(Given material begins)
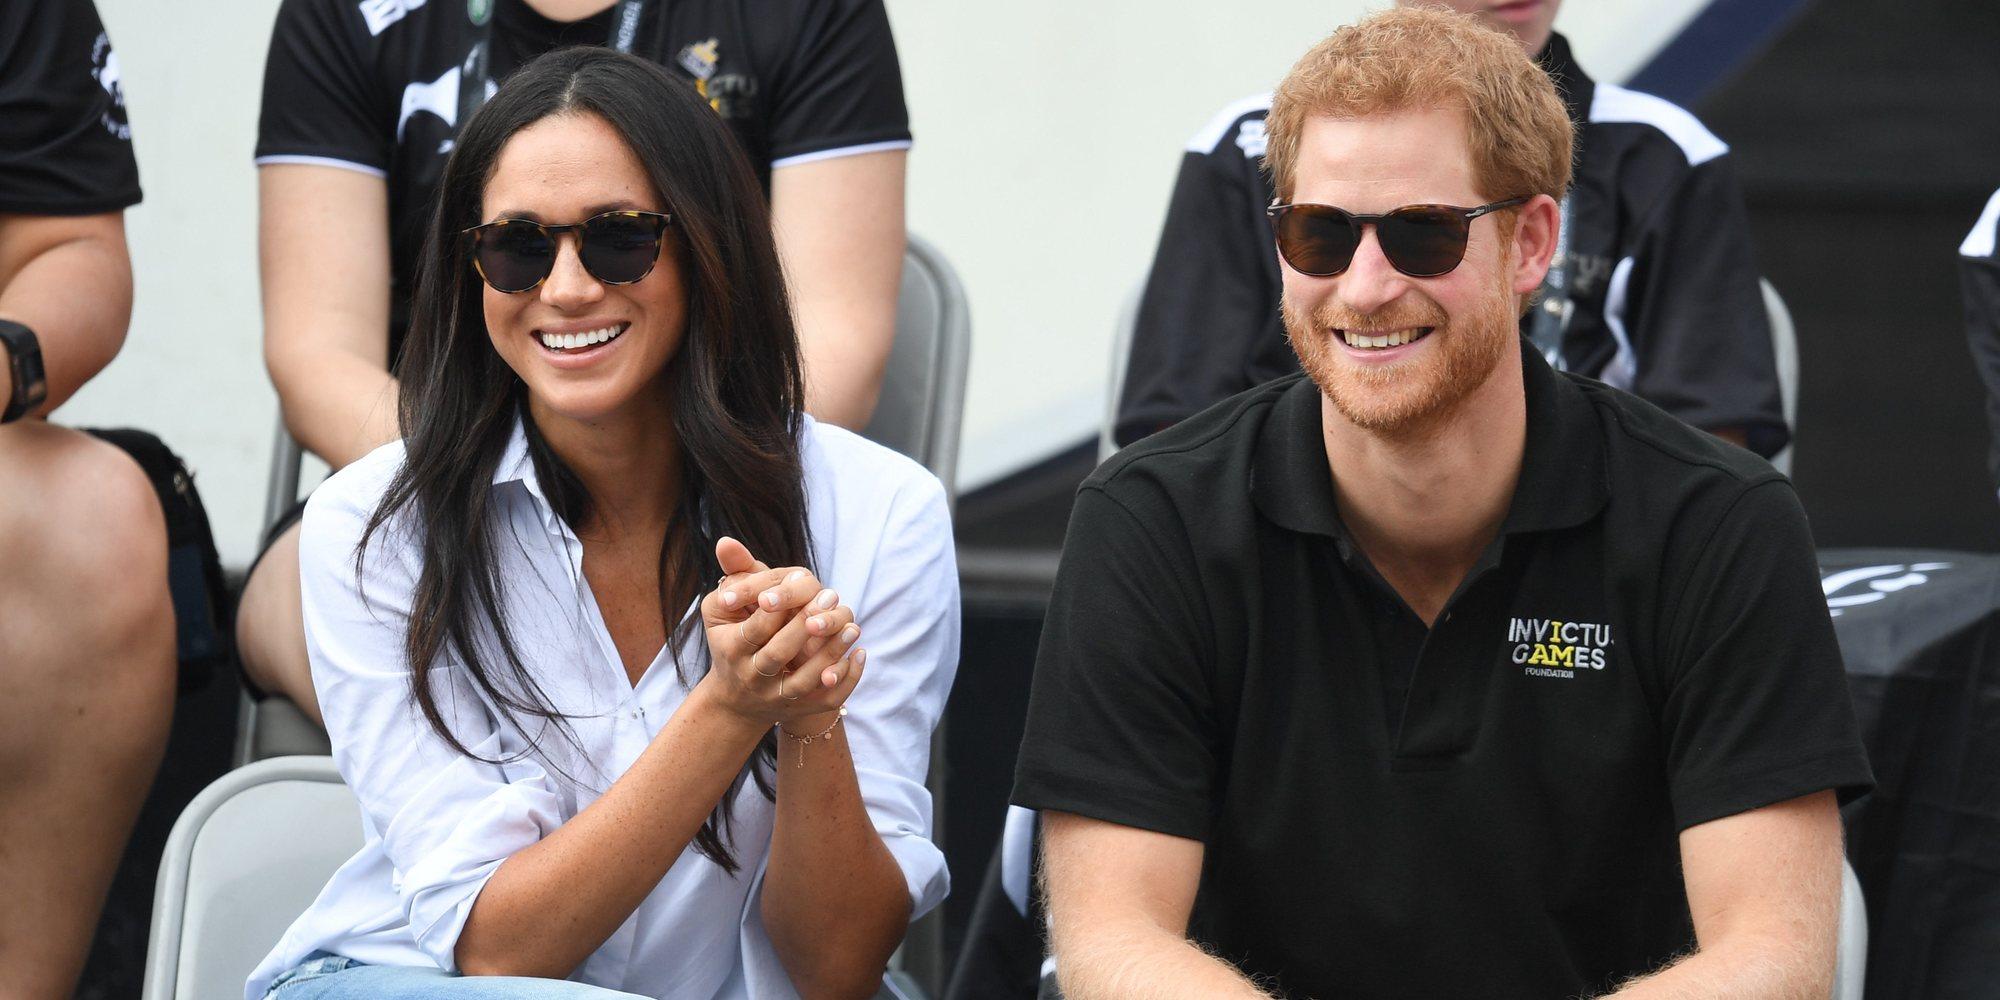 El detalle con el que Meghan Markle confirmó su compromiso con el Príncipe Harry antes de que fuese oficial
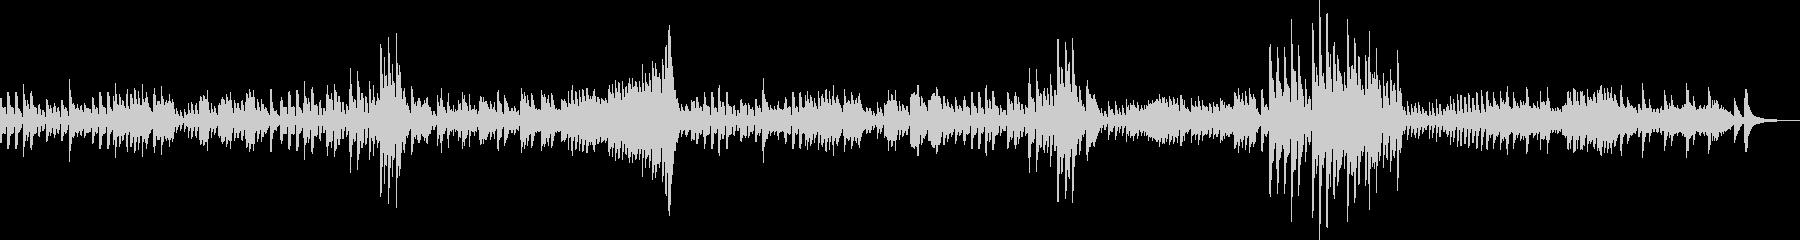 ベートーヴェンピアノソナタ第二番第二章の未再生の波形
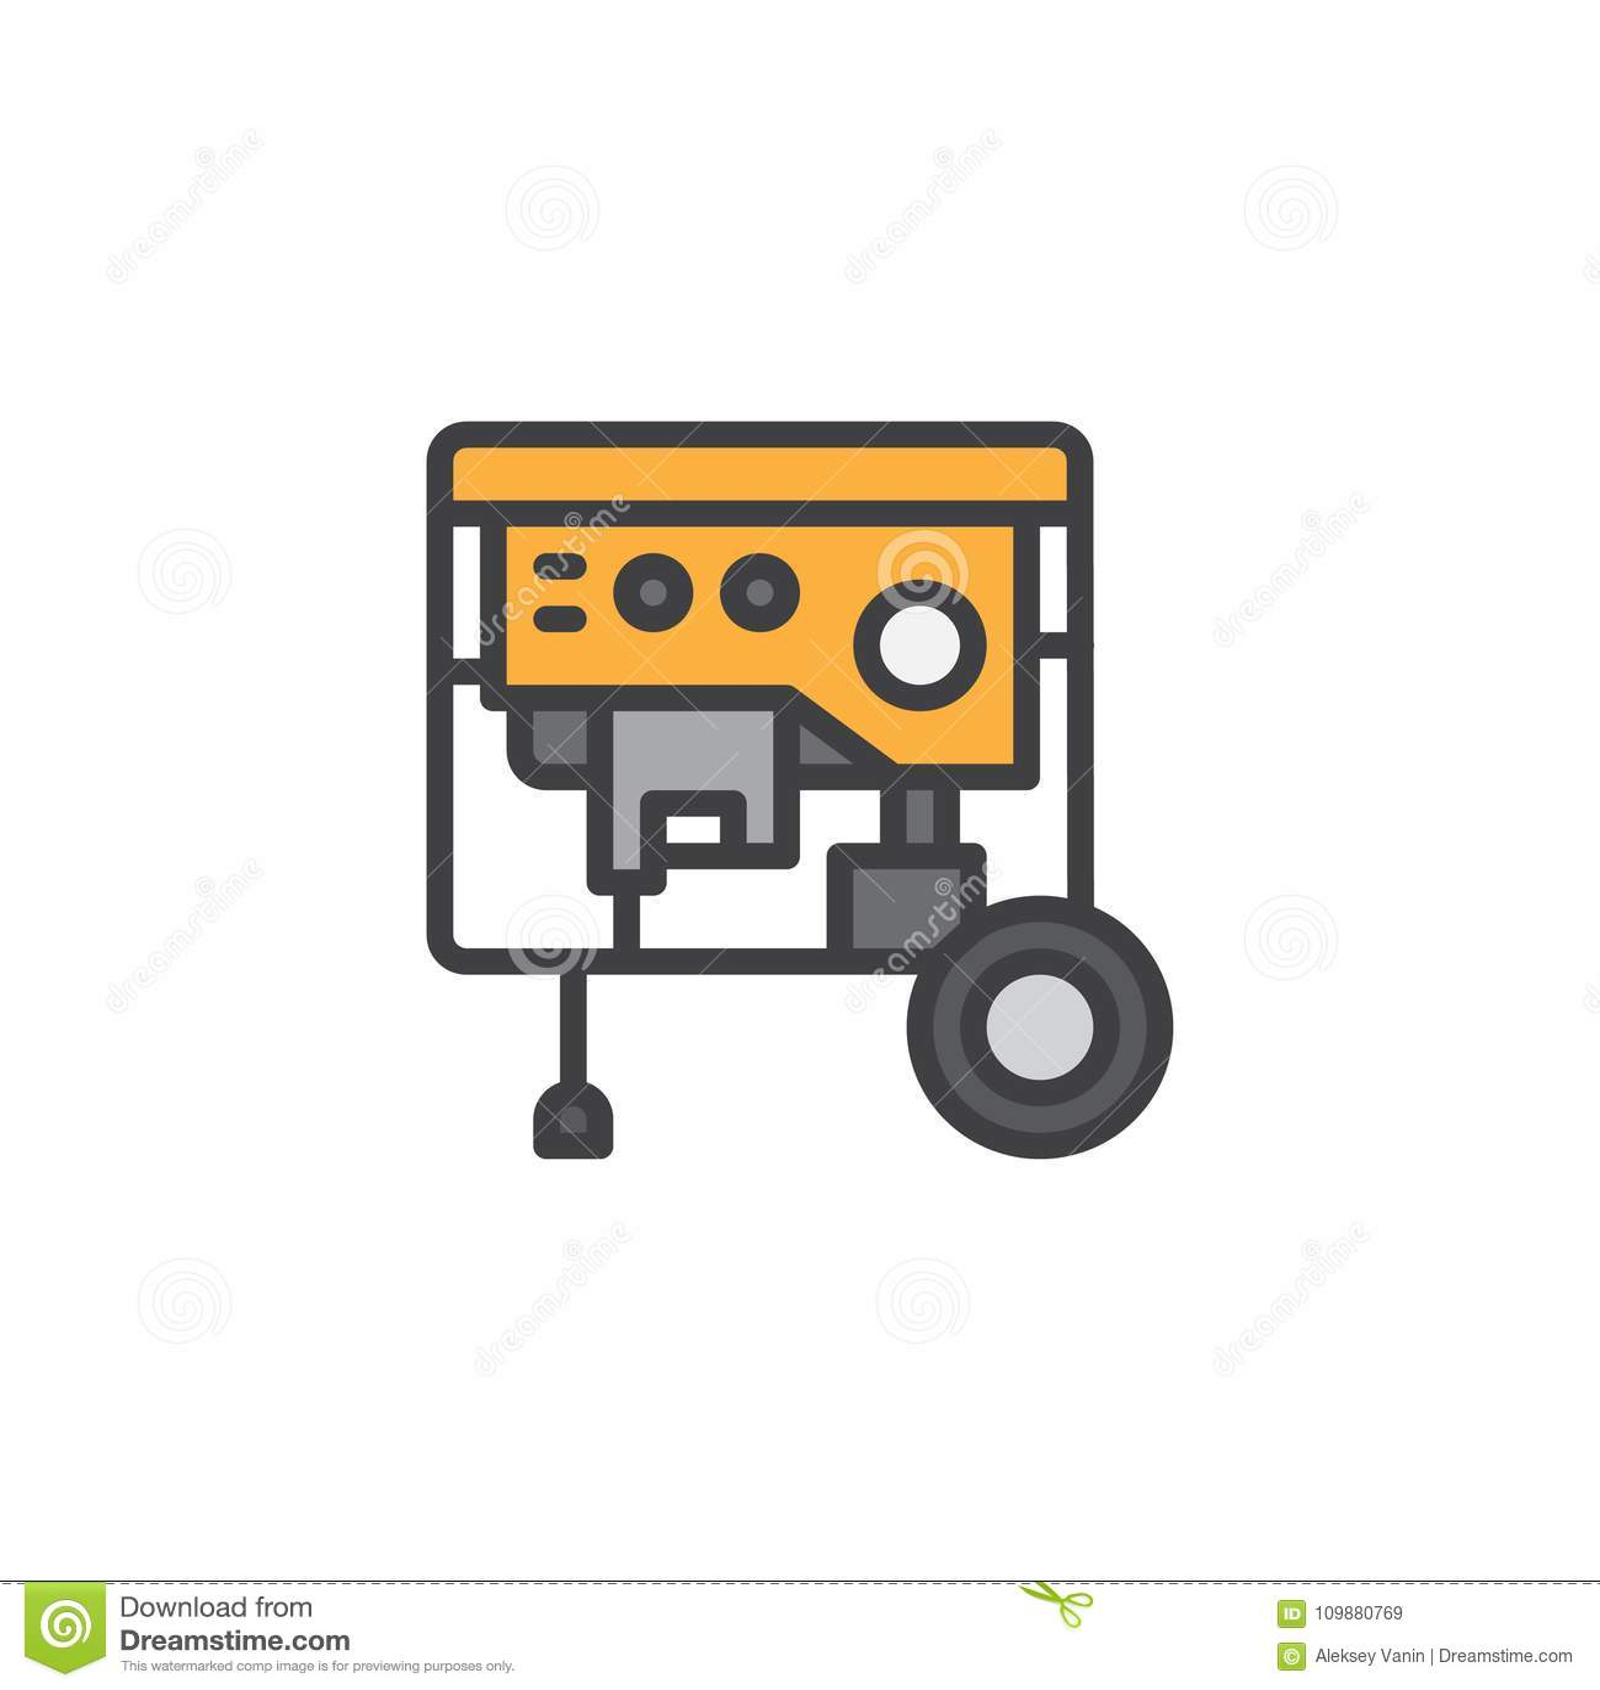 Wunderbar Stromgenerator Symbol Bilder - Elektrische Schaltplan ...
(Given material ends)
- Task directions
Hand back the data above exactly, leaving out all pictures.

- Result of this exercise
 El detalle con el que Meghan Markle confirmó su compromiso con el Príncipe Harry antes de que fuese oficial
 ベートーヴェンピアノソナタ第二番第二章の未再生の波形
 Wunderbar Stromgenerator Symbol Bilder - Elektrische Schaltplan ...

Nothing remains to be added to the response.